JONATHAN FERRO: So guys, the big question around this table is whether you want to be active or you want to be passive. Last week we had a lot of active managers, guess what, talking about bunds saying that it's time to be active. As a guy that sets up ATFs, you give me a reason to be passive right now as a fixed income investor. Please, Fran.


FRAN RODILOSSO: Well, first of all, I think without hedging my response, using fixed income ETFs, even passive ones, does not mean you're being a passive investor. So you can look at the lineup of ETF. Go on Bloomberg and search for fixed income and you can look at the lineup, and there are a wide variety of products and a wide variety of spaces. So you can get longer duration or shorter duration via ETFs just in a diversified passive portfolio. You can go into U.S. high yield, shorter duration U.S. high yield, shorter duration U.S. investment grade, emerging markets, etc. So you can make asset allocations decisions using ETFs, and that's a big way to fix income. ETFs are being used. They're being used actively to set up an income portfolio.

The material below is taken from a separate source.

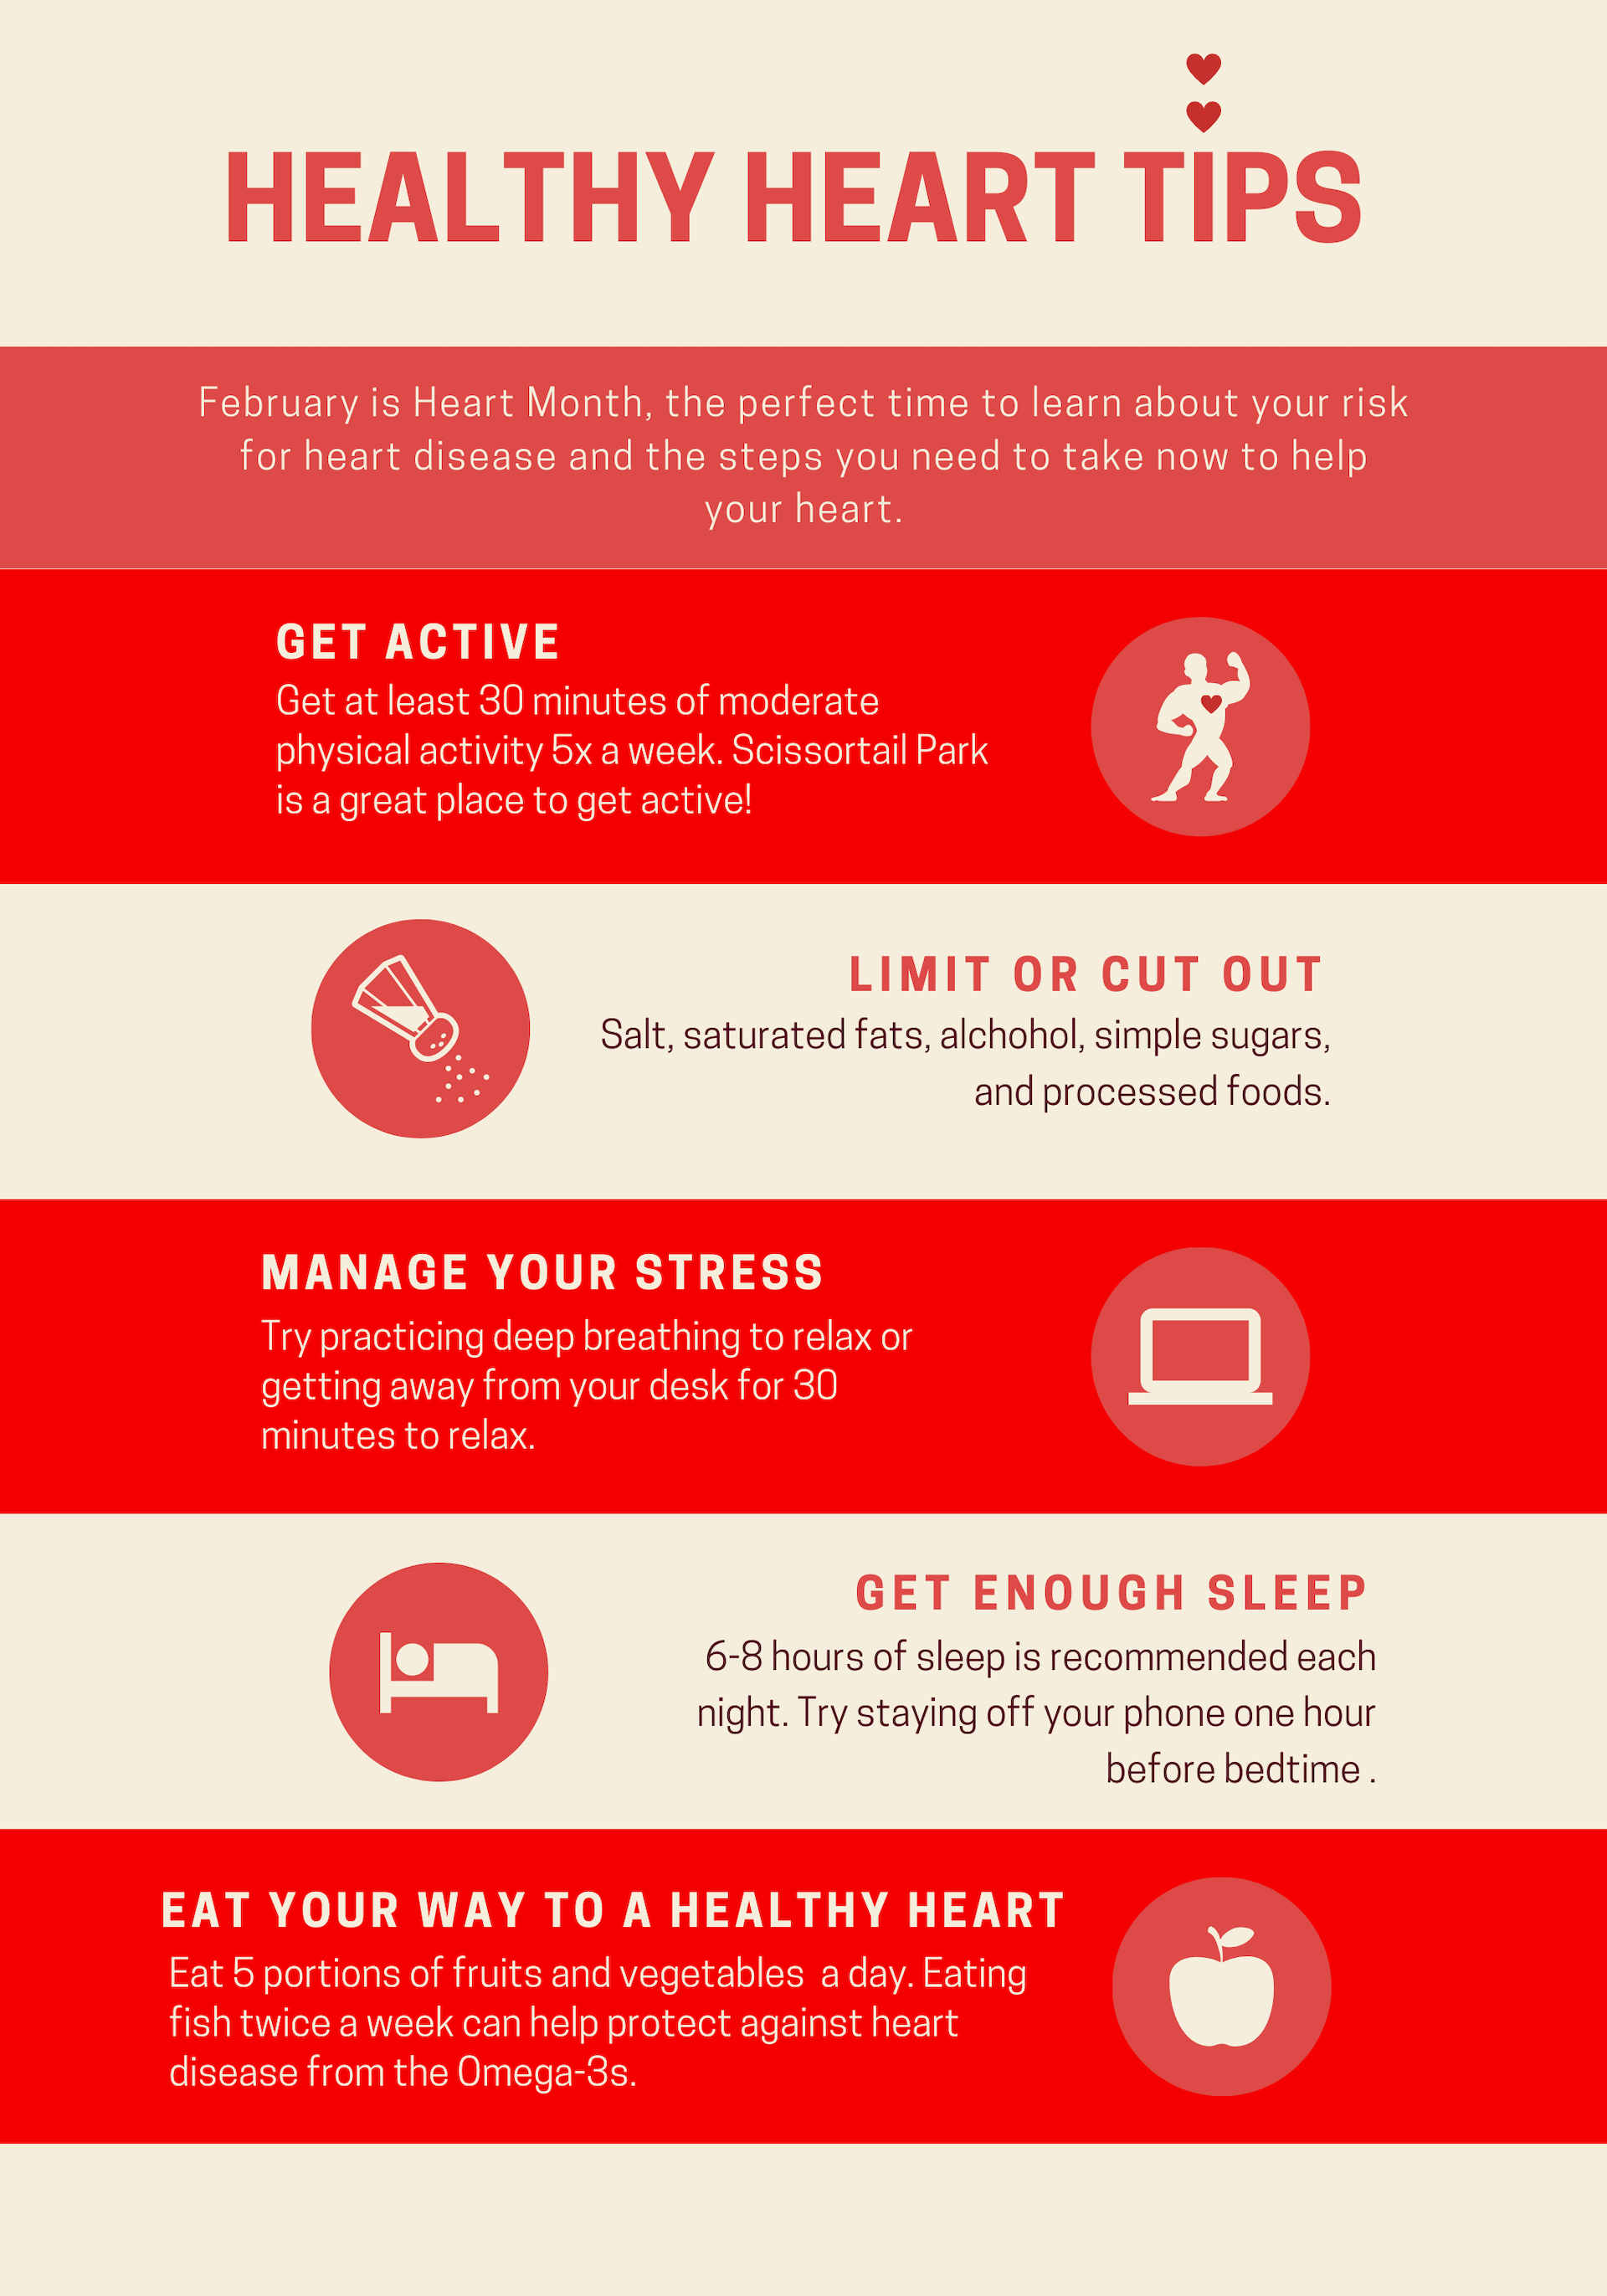 Heart Health Awareness February 2020 Healthy Heart TipsFIt405.png

FERRO: Carl, what's your response?


CARL EICHSTAEDT: I really believe in active management and fixed income space, maybe less so in the equities space. We just have too many built in advantages. The bond index is about 75% government or government related, very low yielding securities. So if I put together a portfolio that yields more than the benchmark, I win in three out of four cases. Spreads are tighter, I win. Spreads are unchanged, I win and spreads widen a little bit, which doesn't compensate for the carry, I still win. Moreover, when securities are taken out of the index I don't have to sell at that price. A great example is November of 2015, a very large high yield issuer, Petrobras, was removed from the investment grade index. In the month of November, bonds were down 25 points. Month of December, the bonds are up 15 points. So it was never that bad, it was never that good, but the index had to sell down 25 points.


FERRO: Fran, what do you say back that?


RODILOSSO: Well I think two things. One, index funds or ETFs are not full replication strategies. They can't be, particularly in the credit space at least. An ETF manager for a large issuer like that in the investment grade space is not going to hold on to Petrobras though. That's true. We happen to have a fixed income strategy that is passive that actually buys bonds like that, actually U.S. fallen angel bonds, which Petrobras was a fallen angel, and that's a passive strategy that you could look at historically. The index is a Merrill Lynch index that has been around 13 full calendar years and its out-performed Merrill's broad high yield market index for 11 of those years, and as an index a lot of active managers.


FERRO: Marty.


MARTIN FRIDSON: Just make a couple of points. One is I would differentiate between going outside the box and active management. I mean, I think those are two different concepts. But the other point is that the notion has gone out there that this year will be a better time for active managers because correlations are down. Now I've done this work only in high yield, but the bottom line in high yield is that the active funds out-perform when the market goes down and the under-performer in the market goes up. It has nothing to do with correlations and that's simply because they're less volatile in the sense some are more conservative in that sense than the indexes.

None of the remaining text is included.